Kaffeesatz als Dämmstoff: Schallschutz für Wände und Decken
Kaffeesatz fällt täglich in großen Mengen an, landet meist im Restmüll und wird selten als Rohstoff weitergedacht. Dabei steckt in den trockenen Resten eine poröse, faserige Struktur, die Schall wellenartig bricht und absorbiert. Genau diese Eigenschaft macht sie für den Innenausbau interessant: Wo herkömmliche Dämmplatten aus Mineralwolle oder Styropor arbeiten, kann aufbereiteter Kaffeesatz eine biobasierte Alternative bieten, die zugleich Gerüche bindet und Feuchtigkeit reguliert.
Entscheidend ist die Aufbereitung. Frischer Kaffeesatz schimmelt schnell, deshalb muss er getrocknet, gemahlen und mit einem Bindemittel wie Pflanzenstärke, Lehm oder einem biologischen Harz vermischt werden. Anschließend wird die Masse gepresst und ausgehärtet, bis formstabile Platten entstehen. Diese lassen sich zuschneiden und direkt auf Wand- oder Deckenflächen montieren. Wer sich für die technischen Hintergründe und praktische Verarbeitung interessiert, findet bei agademboxer.de einen ausführlichen Beitrag zu Akustikplatten aus Kaffeetrestern, der auch auf den angenehmen Kaffeeduft eingeht, den die Platten in Innenräumen verströmen.
Die akustische Wirkung entsteht durch die offene Porenstruktur. Schallwellen dringen in die Platte ein, werden an den unregelmäßigen Fasern vielfach reflektiert und verlieren dabei Energie. Besonders im mittleren und hohen Frequenzbereich, also bei Sprache, Tastaturgeräuschen oder Küchenlärm, zeigt sich eine deutliche Reduktion des Nachhalls. In Büros, Homeoffices oder offenen Wohnküchen kann das den Unterschied machen zwischen einem hallenden Raum und einer angenehmen Akustik.

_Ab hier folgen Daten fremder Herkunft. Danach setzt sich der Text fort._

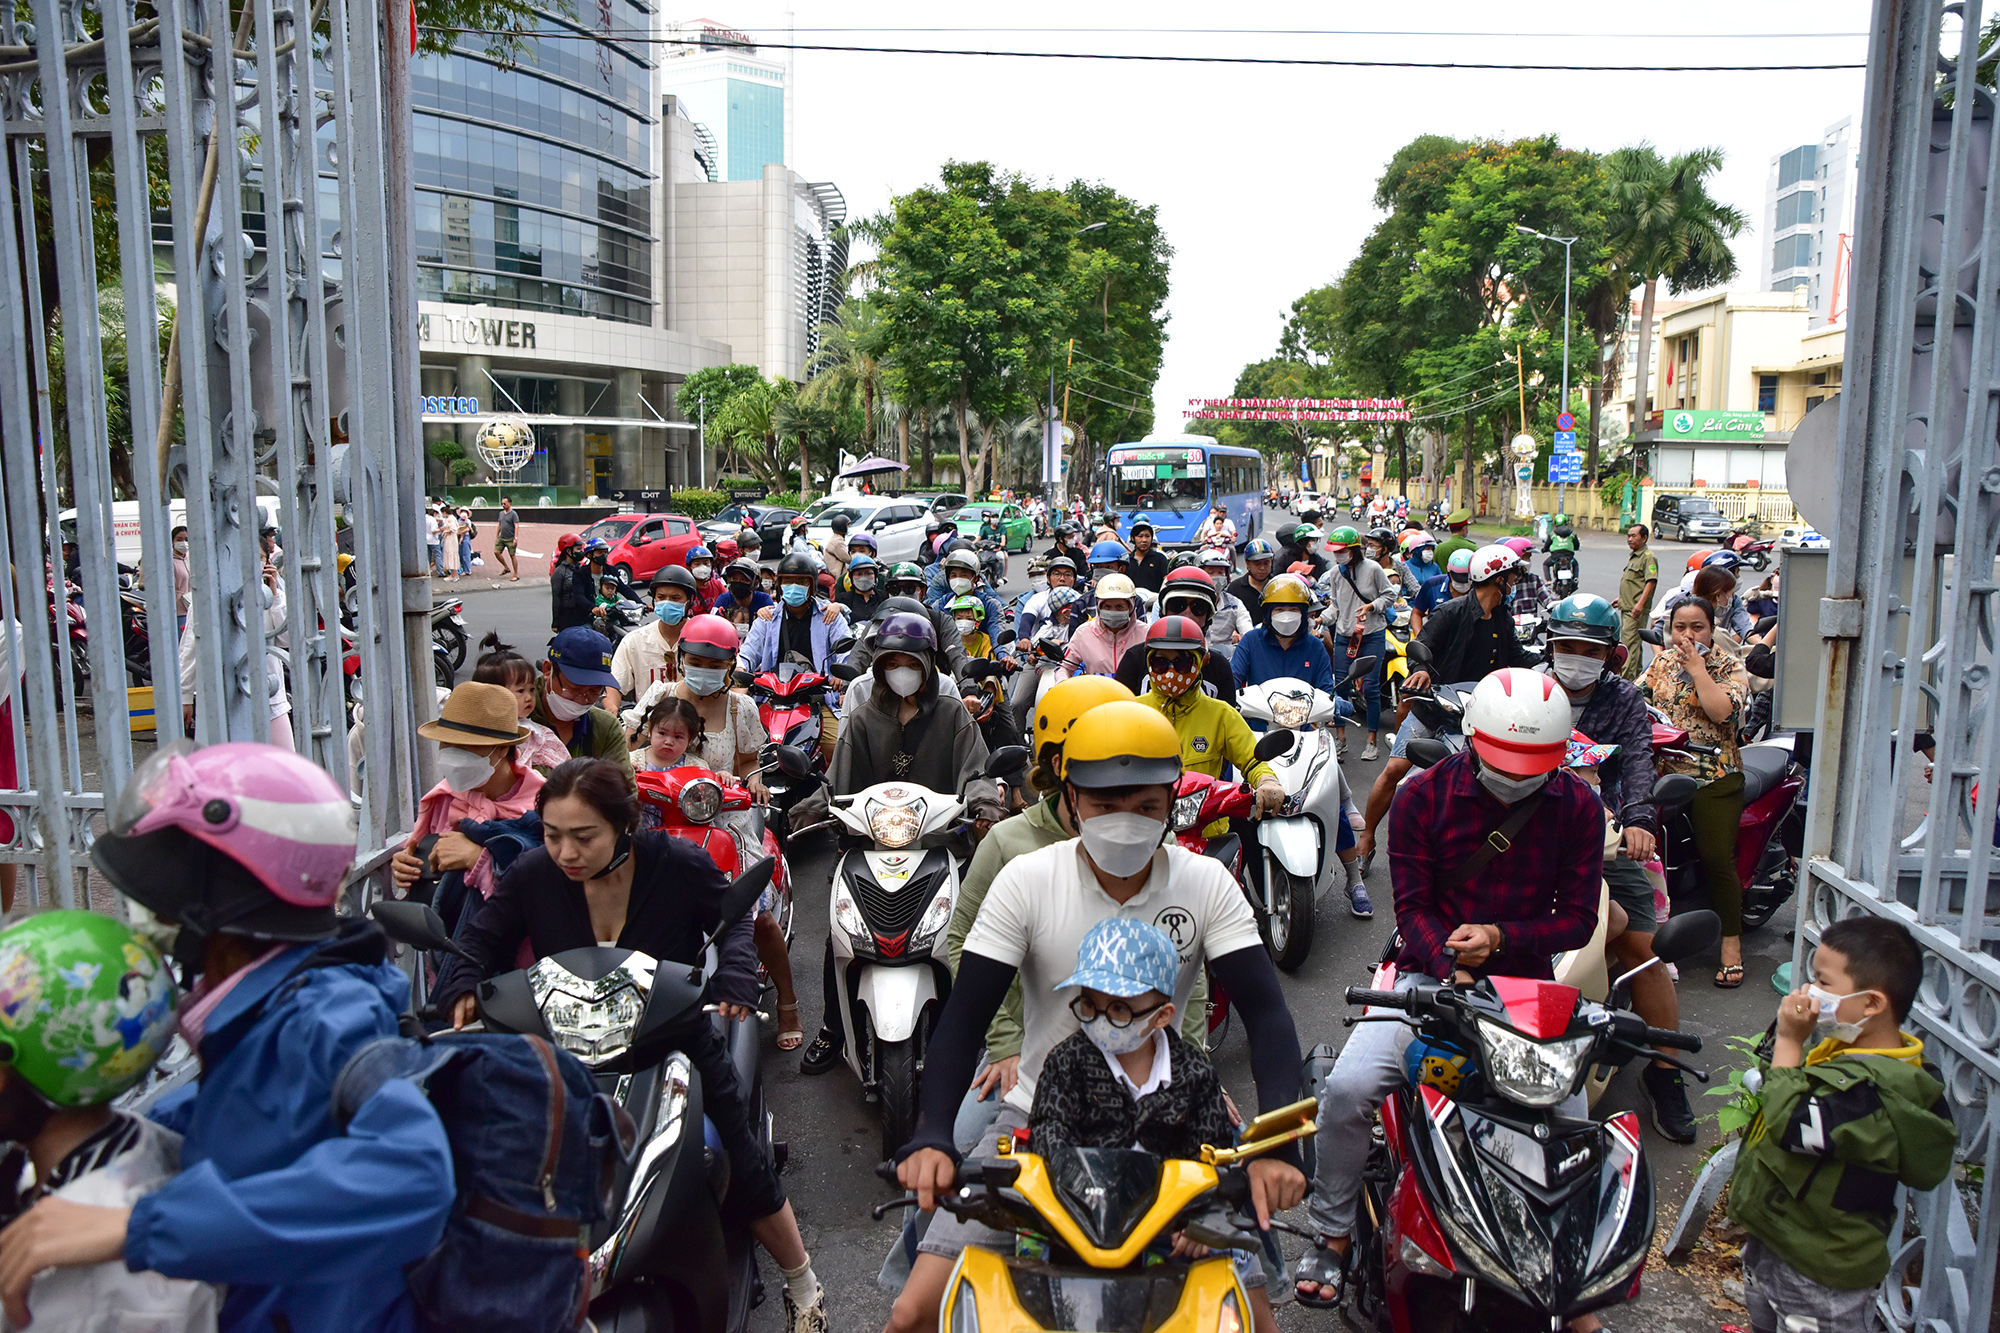 Sáng 30/4, hàng nghìn du khách, người dân TP.HCM từ các ngả&nbsp;đổ về 2 cổng chính của Thảo Cầm Viên Sài Gòn để tham quan, vui chơi.

Nachhaltig ist das Material aus mehreren Gründen. Es nutzt einen Abfallstrom, benötigt wenig Energie in der Herstellung und ist am Ende der Nutzungsdauer kompostierbar, sofern keine synthetischen Bindemittel verwendet wurden. Gegenüber Glas- oder Steinwolle entsteht beim Einbau kein juckender Staub, was die Verarbeitung für Heimwerker deutlich angenehmer macht. Die Brandschutzklassen erreichen solche Platten je nach Rezeptur und Zusatzstoffen unterschiedliche Werte, weshalb vor dem Einsatz in Fluchtwegen eine genaue Prüfung sinnvoll ist. Für normale Wohn- und Arbeitsräume stellt Kaffeesatz jedoch eine ernstzunehmende, kreislauffähige Option dar, die Schallschutz mit einem Material verbindet, das sonst achtlos entsorgt würde.